→ Problem
Look through the listing below for the line with "Patterns of Drug" and the line with "Illuminate Your Camping". Copy both, along with every line between them, exactly and with no pictures.

→ Exercise data

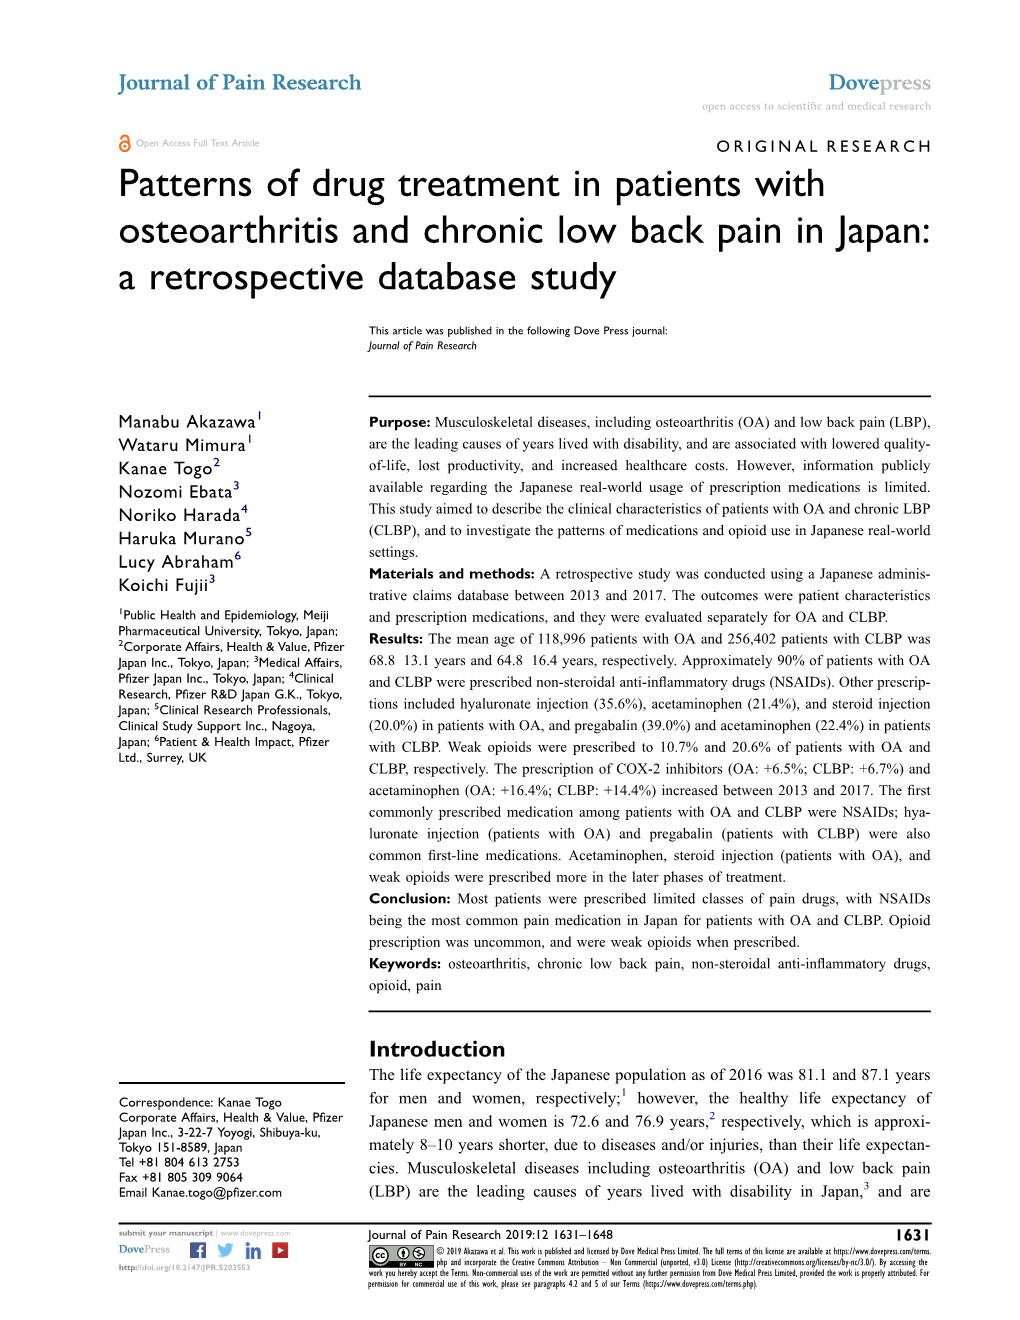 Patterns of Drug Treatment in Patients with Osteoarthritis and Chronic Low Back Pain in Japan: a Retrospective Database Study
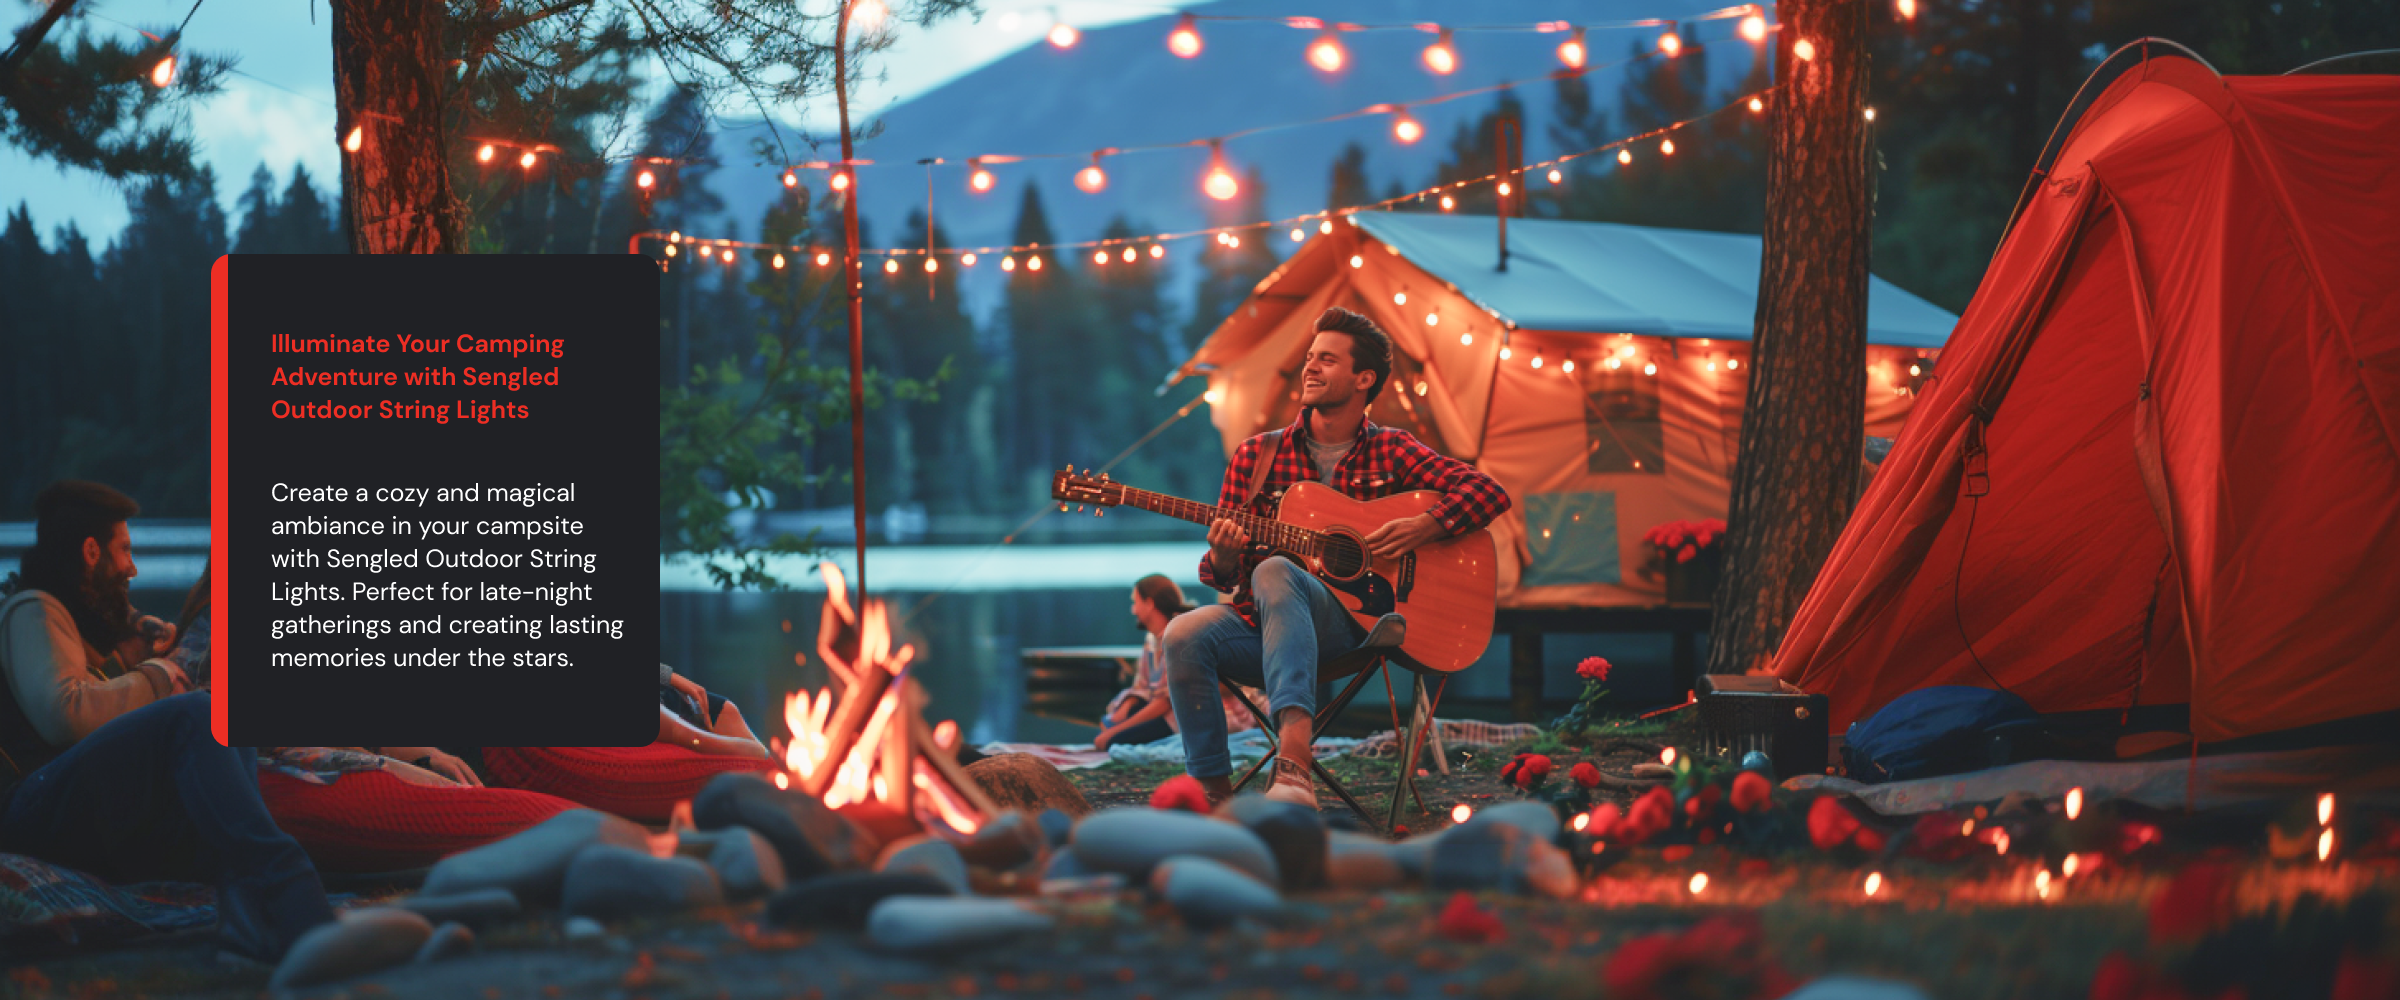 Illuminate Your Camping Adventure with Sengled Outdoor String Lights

...

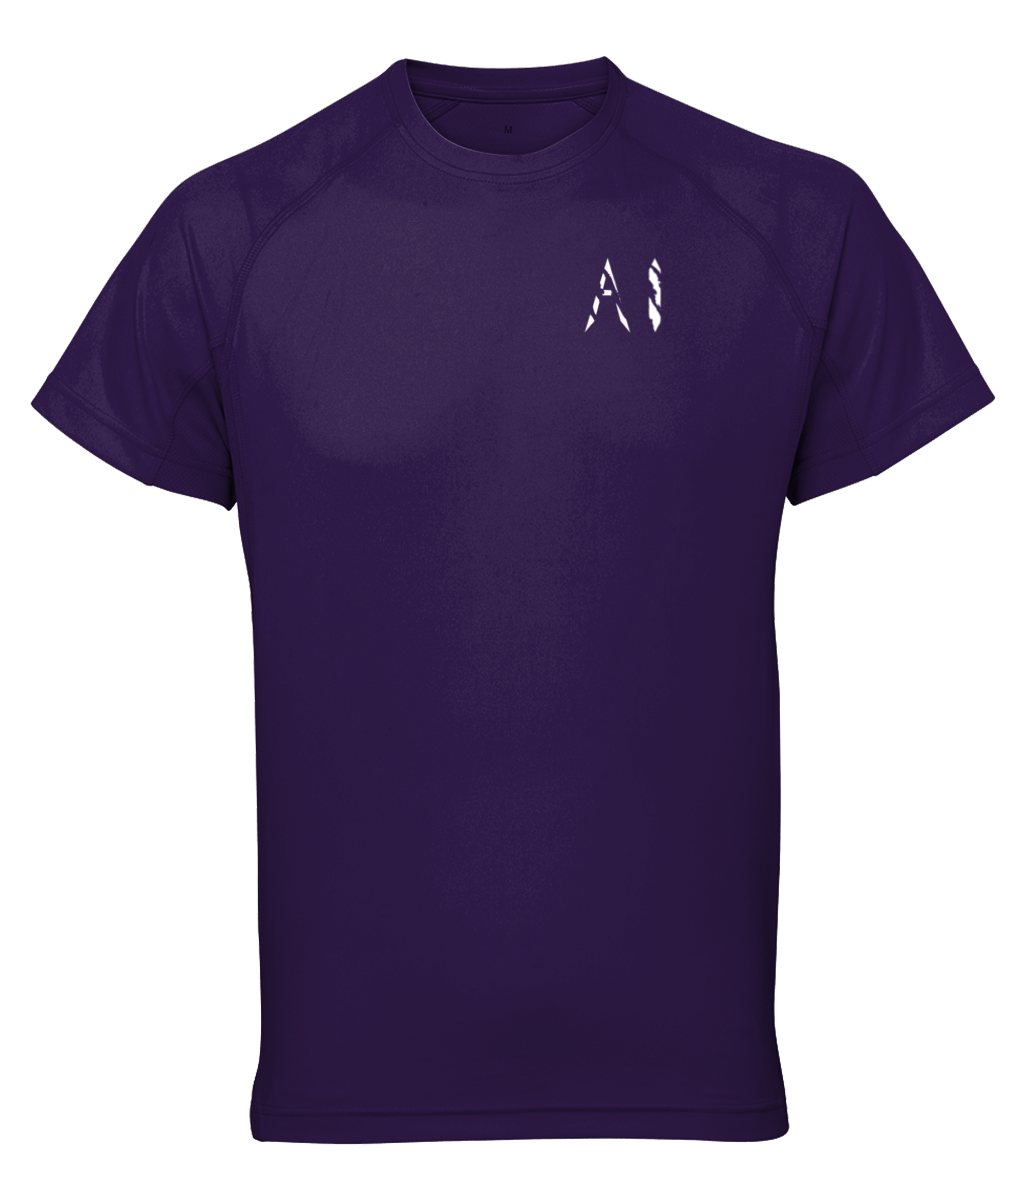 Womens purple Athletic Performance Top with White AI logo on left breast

→ Result below
 Patterns of Drug Treatment in Patients with Osteoarthritis and Chronic Low Back Pain in Japan: a Retrospective Database Study
 Illuminate Your Camping Adventure with Sengled Outdoor String Lights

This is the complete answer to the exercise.